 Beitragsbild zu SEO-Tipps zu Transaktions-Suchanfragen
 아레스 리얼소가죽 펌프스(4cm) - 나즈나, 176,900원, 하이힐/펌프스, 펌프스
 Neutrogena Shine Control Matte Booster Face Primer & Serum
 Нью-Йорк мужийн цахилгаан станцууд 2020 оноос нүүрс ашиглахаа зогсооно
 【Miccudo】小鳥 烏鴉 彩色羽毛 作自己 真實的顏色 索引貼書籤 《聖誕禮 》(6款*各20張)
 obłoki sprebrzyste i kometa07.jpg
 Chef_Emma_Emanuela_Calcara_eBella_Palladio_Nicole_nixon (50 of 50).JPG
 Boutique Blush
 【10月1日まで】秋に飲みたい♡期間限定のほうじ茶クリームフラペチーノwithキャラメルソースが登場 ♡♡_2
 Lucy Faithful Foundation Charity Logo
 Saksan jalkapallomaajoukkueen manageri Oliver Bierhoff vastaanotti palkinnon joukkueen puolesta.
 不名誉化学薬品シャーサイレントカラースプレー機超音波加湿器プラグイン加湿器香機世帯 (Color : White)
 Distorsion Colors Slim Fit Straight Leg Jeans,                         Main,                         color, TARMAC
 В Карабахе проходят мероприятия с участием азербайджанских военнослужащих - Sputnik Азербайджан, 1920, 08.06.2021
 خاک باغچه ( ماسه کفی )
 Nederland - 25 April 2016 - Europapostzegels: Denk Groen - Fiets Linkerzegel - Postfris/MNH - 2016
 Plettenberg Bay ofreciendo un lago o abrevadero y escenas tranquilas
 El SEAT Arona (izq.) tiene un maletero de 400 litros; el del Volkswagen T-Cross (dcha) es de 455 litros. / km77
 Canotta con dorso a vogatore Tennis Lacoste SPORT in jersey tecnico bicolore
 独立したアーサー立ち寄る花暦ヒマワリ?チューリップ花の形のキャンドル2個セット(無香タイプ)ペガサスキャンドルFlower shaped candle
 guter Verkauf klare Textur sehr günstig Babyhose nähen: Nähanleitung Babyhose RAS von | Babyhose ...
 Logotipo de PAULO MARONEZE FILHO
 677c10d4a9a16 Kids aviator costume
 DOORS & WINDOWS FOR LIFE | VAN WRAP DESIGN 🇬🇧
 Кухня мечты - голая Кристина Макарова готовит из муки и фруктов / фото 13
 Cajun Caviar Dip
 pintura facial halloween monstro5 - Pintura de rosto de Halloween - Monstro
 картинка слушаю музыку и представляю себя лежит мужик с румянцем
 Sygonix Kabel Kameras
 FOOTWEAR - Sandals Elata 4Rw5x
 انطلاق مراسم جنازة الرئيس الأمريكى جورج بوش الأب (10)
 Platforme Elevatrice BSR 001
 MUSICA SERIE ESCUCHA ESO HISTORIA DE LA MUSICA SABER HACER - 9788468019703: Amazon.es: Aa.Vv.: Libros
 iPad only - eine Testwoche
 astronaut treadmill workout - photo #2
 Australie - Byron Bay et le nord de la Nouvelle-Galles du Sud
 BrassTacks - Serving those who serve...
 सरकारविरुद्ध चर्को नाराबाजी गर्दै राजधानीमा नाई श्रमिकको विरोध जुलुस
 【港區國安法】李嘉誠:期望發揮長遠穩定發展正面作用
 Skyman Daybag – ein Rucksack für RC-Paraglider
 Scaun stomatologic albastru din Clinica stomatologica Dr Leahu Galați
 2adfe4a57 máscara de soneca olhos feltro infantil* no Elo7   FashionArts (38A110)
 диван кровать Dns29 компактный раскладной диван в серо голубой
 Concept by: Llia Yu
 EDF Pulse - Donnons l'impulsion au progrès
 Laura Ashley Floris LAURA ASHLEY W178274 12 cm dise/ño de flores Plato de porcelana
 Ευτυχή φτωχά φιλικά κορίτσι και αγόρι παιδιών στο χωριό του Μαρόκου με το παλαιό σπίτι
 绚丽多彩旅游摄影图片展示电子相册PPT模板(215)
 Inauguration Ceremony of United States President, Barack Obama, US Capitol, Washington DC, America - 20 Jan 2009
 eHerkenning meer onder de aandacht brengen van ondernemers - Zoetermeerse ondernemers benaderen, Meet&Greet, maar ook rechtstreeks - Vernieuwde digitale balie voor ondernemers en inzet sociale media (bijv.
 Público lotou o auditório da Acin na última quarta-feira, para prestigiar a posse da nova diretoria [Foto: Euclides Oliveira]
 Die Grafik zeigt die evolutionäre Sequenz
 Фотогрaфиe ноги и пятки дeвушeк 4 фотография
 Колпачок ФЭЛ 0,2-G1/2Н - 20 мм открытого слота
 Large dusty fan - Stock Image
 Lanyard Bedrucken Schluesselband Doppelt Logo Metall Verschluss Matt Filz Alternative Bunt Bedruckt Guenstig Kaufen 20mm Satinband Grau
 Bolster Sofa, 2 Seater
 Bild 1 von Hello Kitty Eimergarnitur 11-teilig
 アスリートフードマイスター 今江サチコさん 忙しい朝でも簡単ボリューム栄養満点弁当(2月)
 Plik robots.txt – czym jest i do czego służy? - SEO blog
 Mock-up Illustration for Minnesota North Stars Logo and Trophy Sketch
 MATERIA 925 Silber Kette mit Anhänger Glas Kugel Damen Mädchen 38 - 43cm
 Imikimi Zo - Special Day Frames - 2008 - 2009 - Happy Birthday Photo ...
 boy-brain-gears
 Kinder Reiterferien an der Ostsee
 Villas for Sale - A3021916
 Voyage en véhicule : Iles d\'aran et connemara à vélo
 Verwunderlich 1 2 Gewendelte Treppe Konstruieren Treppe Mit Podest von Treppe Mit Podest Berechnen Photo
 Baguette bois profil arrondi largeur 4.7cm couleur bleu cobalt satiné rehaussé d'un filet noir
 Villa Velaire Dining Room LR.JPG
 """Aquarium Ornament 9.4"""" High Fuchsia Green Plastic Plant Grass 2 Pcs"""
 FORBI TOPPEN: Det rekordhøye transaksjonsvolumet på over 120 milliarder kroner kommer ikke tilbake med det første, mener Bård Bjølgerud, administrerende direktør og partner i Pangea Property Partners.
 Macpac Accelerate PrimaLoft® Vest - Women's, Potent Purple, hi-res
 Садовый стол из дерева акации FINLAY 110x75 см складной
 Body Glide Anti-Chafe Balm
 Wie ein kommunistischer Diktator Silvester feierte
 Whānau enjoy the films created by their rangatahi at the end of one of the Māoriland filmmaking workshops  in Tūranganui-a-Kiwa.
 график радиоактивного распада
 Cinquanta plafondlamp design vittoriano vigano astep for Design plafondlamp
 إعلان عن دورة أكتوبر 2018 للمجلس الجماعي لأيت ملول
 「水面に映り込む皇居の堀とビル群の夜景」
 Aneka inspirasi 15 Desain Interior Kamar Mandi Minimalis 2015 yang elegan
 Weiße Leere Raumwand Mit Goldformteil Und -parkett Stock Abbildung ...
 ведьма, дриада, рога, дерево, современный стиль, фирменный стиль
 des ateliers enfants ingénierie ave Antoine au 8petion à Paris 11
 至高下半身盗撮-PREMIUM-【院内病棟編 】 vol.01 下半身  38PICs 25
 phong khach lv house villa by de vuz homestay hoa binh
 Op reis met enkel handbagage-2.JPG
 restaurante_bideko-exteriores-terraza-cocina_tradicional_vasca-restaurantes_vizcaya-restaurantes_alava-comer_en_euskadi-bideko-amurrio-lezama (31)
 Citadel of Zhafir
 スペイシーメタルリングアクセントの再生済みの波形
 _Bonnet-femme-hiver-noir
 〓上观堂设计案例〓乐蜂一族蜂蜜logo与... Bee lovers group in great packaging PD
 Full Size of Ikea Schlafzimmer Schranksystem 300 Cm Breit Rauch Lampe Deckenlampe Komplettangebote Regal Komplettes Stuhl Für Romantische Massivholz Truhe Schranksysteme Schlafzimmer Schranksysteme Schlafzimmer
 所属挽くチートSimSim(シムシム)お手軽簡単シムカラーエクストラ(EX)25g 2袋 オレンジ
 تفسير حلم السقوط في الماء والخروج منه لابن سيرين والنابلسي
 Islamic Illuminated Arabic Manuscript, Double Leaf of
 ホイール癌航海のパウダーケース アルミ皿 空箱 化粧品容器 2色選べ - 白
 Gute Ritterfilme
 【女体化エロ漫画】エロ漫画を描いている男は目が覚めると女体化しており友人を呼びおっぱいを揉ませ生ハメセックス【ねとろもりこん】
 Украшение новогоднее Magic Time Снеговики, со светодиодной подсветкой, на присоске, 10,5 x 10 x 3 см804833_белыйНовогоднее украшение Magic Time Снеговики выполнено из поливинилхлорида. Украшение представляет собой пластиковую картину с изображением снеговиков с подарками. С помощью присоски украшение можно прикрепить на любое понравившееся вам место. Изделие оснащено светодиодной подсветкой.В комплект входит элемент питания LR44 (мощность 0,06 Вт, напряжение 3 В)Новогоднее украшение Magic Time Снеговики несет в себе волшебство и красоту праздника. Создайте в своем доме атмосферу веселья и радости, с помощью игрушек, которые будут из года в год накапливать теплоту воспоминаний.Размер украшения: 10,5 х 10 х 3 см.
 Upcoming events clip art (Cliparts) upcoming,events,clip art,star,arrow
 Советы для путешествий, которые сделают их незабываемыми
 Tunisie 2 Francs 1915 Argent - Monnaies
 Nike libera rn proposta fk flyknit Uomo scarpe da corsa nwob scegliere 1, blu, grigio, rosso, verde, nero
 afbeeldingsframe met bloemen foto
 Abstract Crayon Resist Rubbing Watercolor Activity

□ □ □ □ □ □ □

● DIRECTIONS: Reproduce, exactly and without additions, the run of lines from the start of the listing above to the line bearing "Cajun Caviar Dip", inclusive.

● ANSWER SECTION:
 Beitragsbild zu SEO-Tipps zu Transaktions-Suchanfragen
 아레스 리얼소가죽 펌프스(4cm) - 나즈나, 176,900원, 하이힐/펌프스, 펌프스
 Neutrogena Shine Control Matte Booster Face Primer & Serum
 Нью-Йорк мужийн цахилгаан станцууд 2020 оноос нүүрс ашиглахаа зогсооно
 【Miccudo】小鳥 烏鴉 彩色羽毛 作自己 真實的顏色 索引貼書籤 《聖誕禮 》(6款*各20張)
 obłoki sprebrzyste i kometa07.jpg
 Chef_Emma_Emanuela_Calcara_eBella_Palladio_Nicole_nixon (50 of 50).JPG
 Boutique Blush
 【10月1日まで】秋に飲みたい♡期間限定のほうじ茶クリームフラペチーノwithキャラメルソースが登場 ♡♡_2
 Lucy Faithful Foundation Charity Logo
 Saksan jalkapallomaajoukkueen manageri Oliver Bierhoff vastaanotti palkinnon joukkueen puolesta.
 不名誉化学薬品シャーサイレントカラースプレー機超音波加湿器プラグイン加湿器香機世帯 (Color : White)
 Distorsion Colors Slim Fit Straight Leg Jeans,                         Main,                         color, TARMAC
 В Карабахе проходят мероприятия с участием азербайджанских военнослужащих - Sputnik Азербайджан, 1920, 08.06.2021
 خاک باغچه ( ماسه کفی )
 Nederland - 25 April 2016 - Europapostzegels: Denk Groen - Fiets Linkerzegel - Postfris/MNH - 2016
 Plettenberg Bay ofreciendo un lago o abrevadero y escenas tranquilas
 El SEAT Arona (izq.) tiene un maletero de 400 litros; el del Volkswagen T-Cross (dcha) es de 455 litros. / km77
 Canotta con dorso a vogatore Tennis Lacoste SPORT in jersey tecnico bicolore
 独立したアーサー立ち寄る花暦ヒマワリ?チューリップ花の形のキャンドル2個セット(無香タイプ)ペガサスキャンドルFlower shaped candle
 guter Verkauf klare Textur sehr günstig Babyhose nähen: Nähanleitung Babyhose RAS von | Babyhose ...
 Logotipo de PAULO MARONEZE FILHO
 677c10d4a9a16 Kids aviator costume
 DOORS & WINDOWS FOR LIFE | VAN WRAP DESIGN 🇬🇧
 Кухня мечты - голая Кристина Макарова готовит из муки и фруктов / фото 13
 Cajun Caviar Dip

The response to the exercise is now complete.